* How to complete this task: Write the lines out again, from the top of the material to the line containing "The Hellenic Parliament", pictures excluded.

*** Information given ***

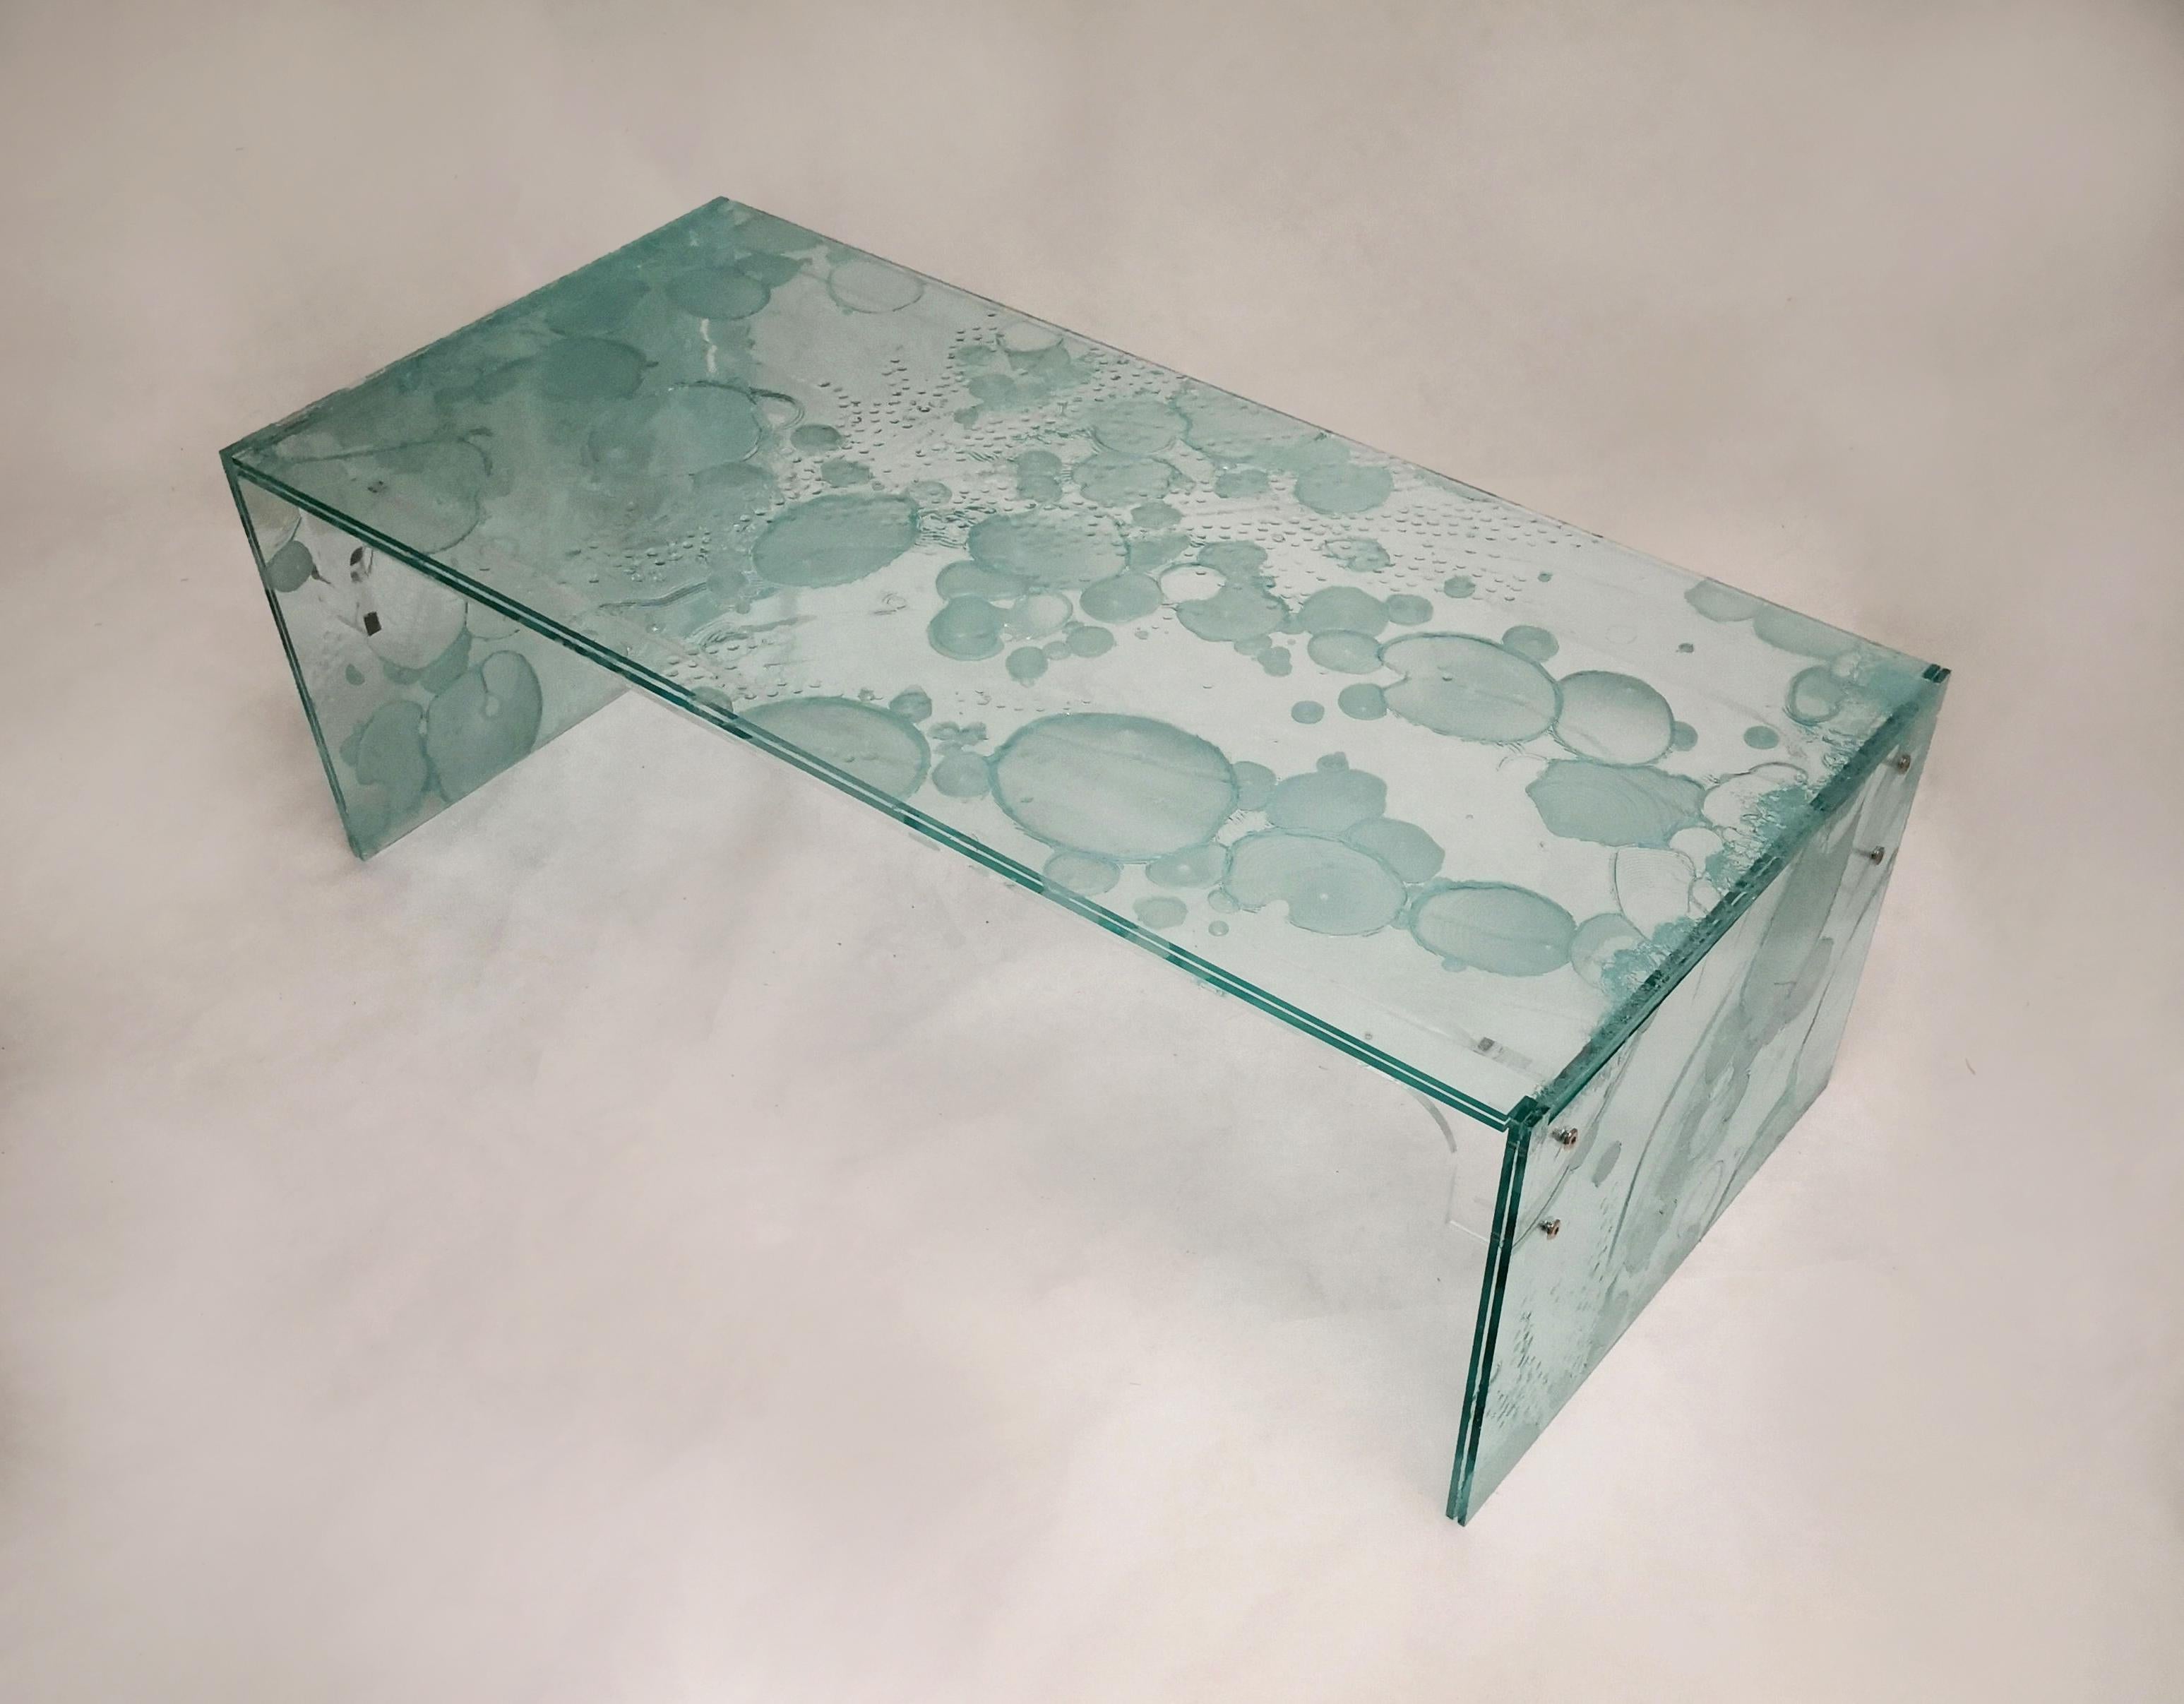 Coffee table, handmade in transparent acrylic colored with an innovative technology.
The material is made through the fusion of three plates, one of which
partially cured center.
This process creates unique and particular effects, shades
transparent
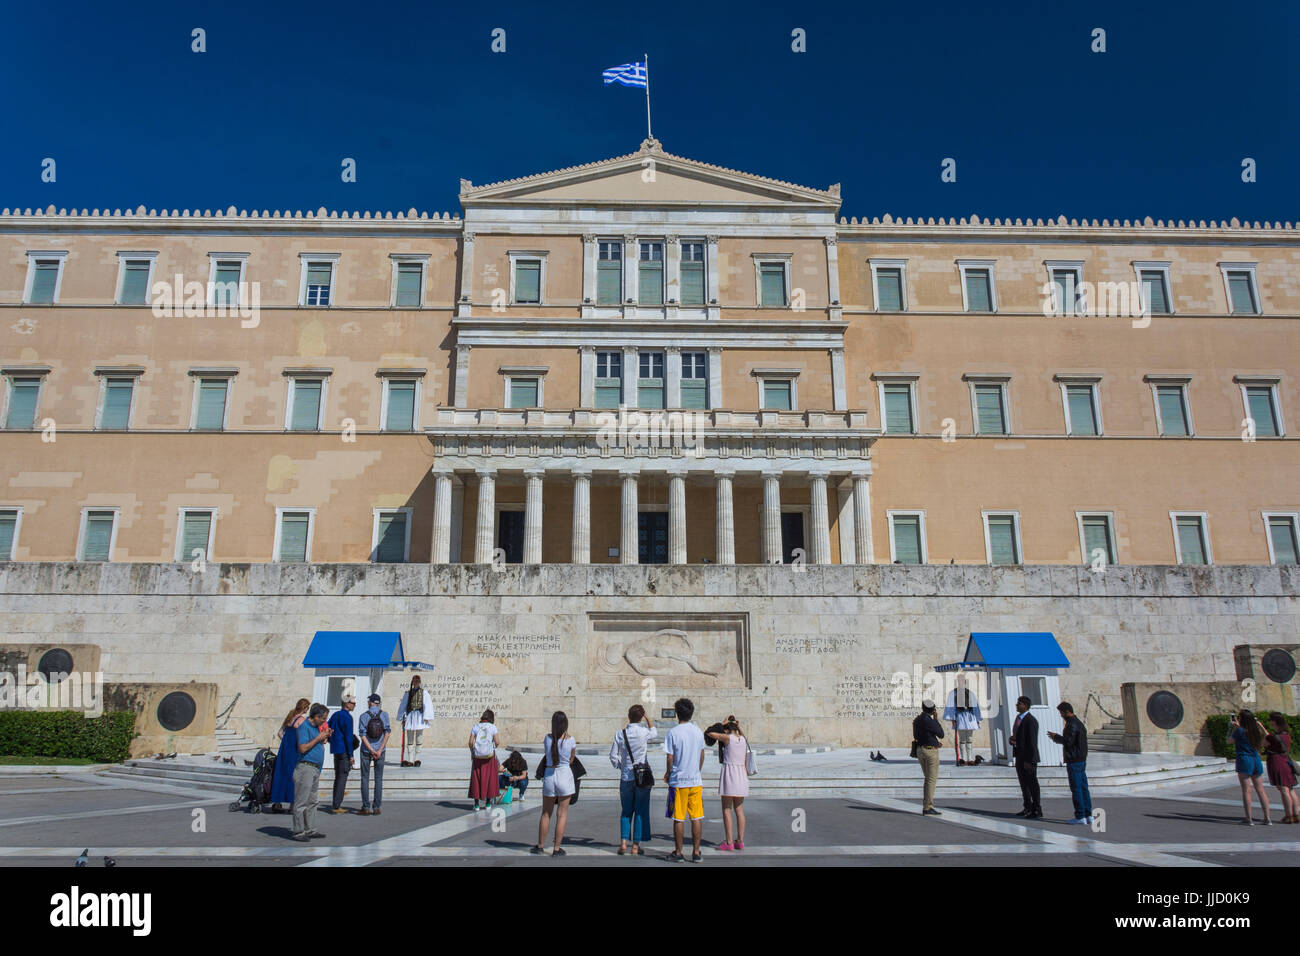 The Hellenic Parliament is the parliament of Greece, located in the Old Royal Palace, overlooking Syntagma Square in Athens. Stock Photo
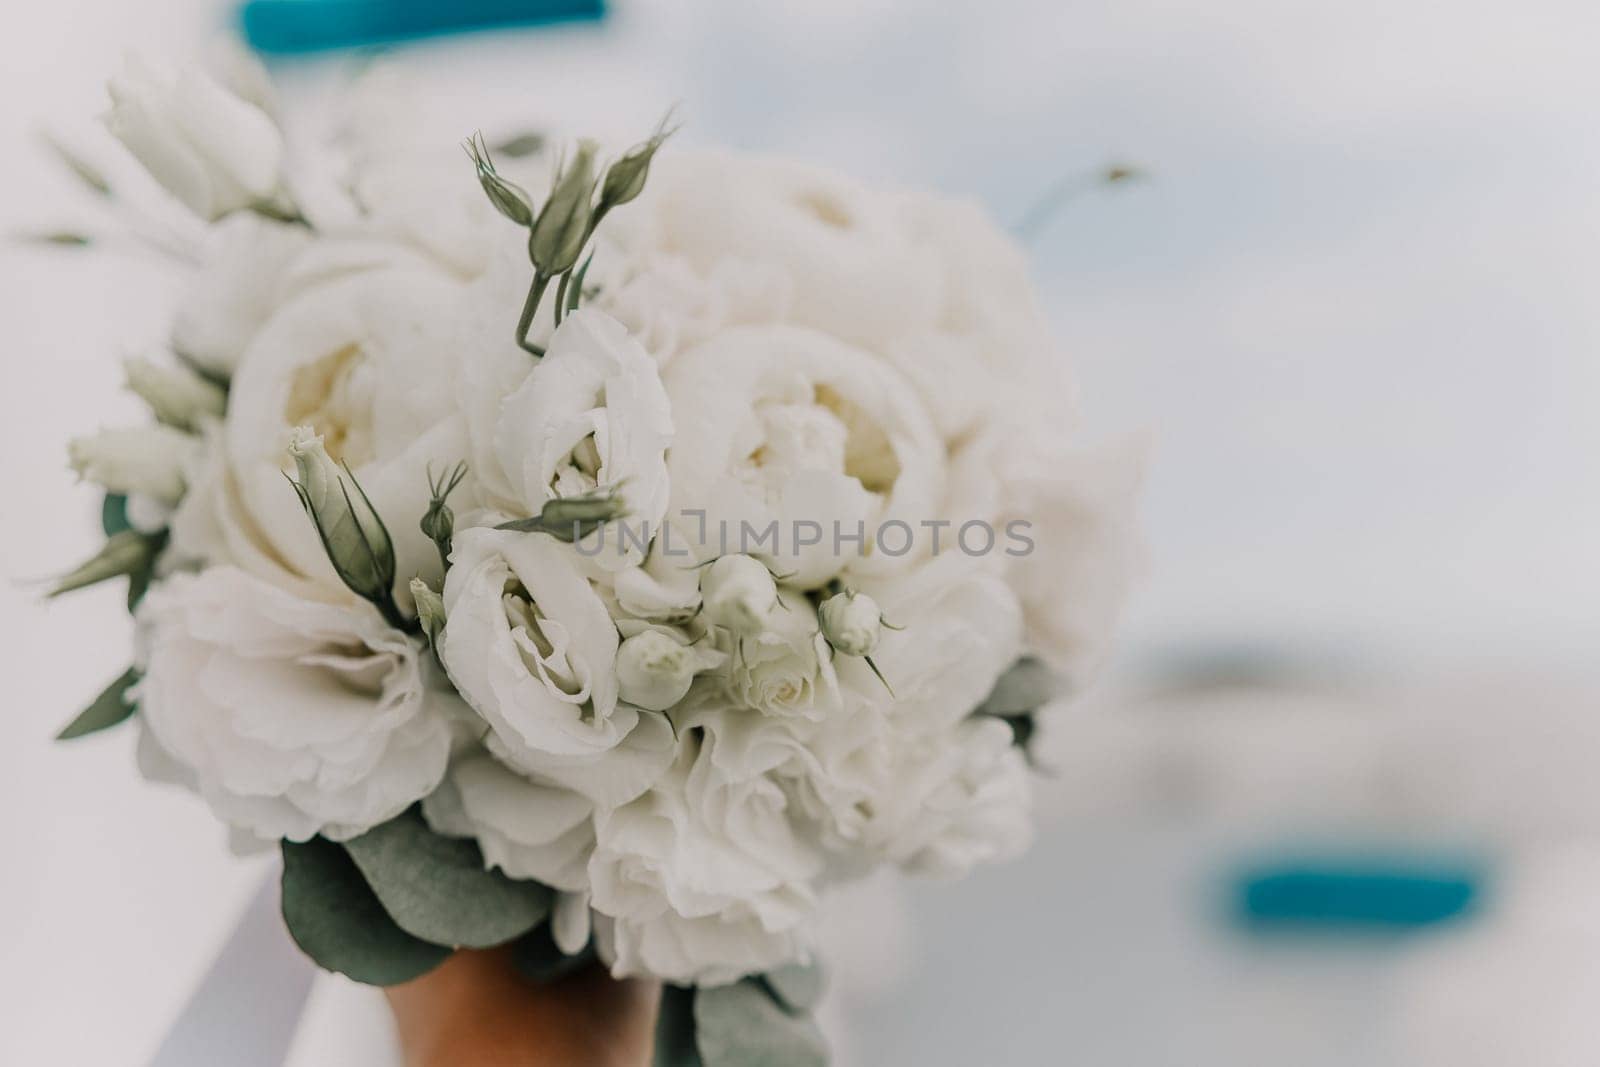 A bouquet of white flowers is being held by a person. The flowers are arranged in a way that they look like they are in a vase. The bouquet is the main focus of the image

*** End of Information given ***

* Exercise result:
 Coffee table, handmade in transparent acrylic colored with an innovative technology.
The material is made through the fusion of three plates, one of which
partially cured center.
This process creates unique and particular effects, shades
transparent
 The Hellenic Parliament is the parliament of Greece, located in the Old Royal Palace, overlooking Syntagma Square in Athens. Stock Photo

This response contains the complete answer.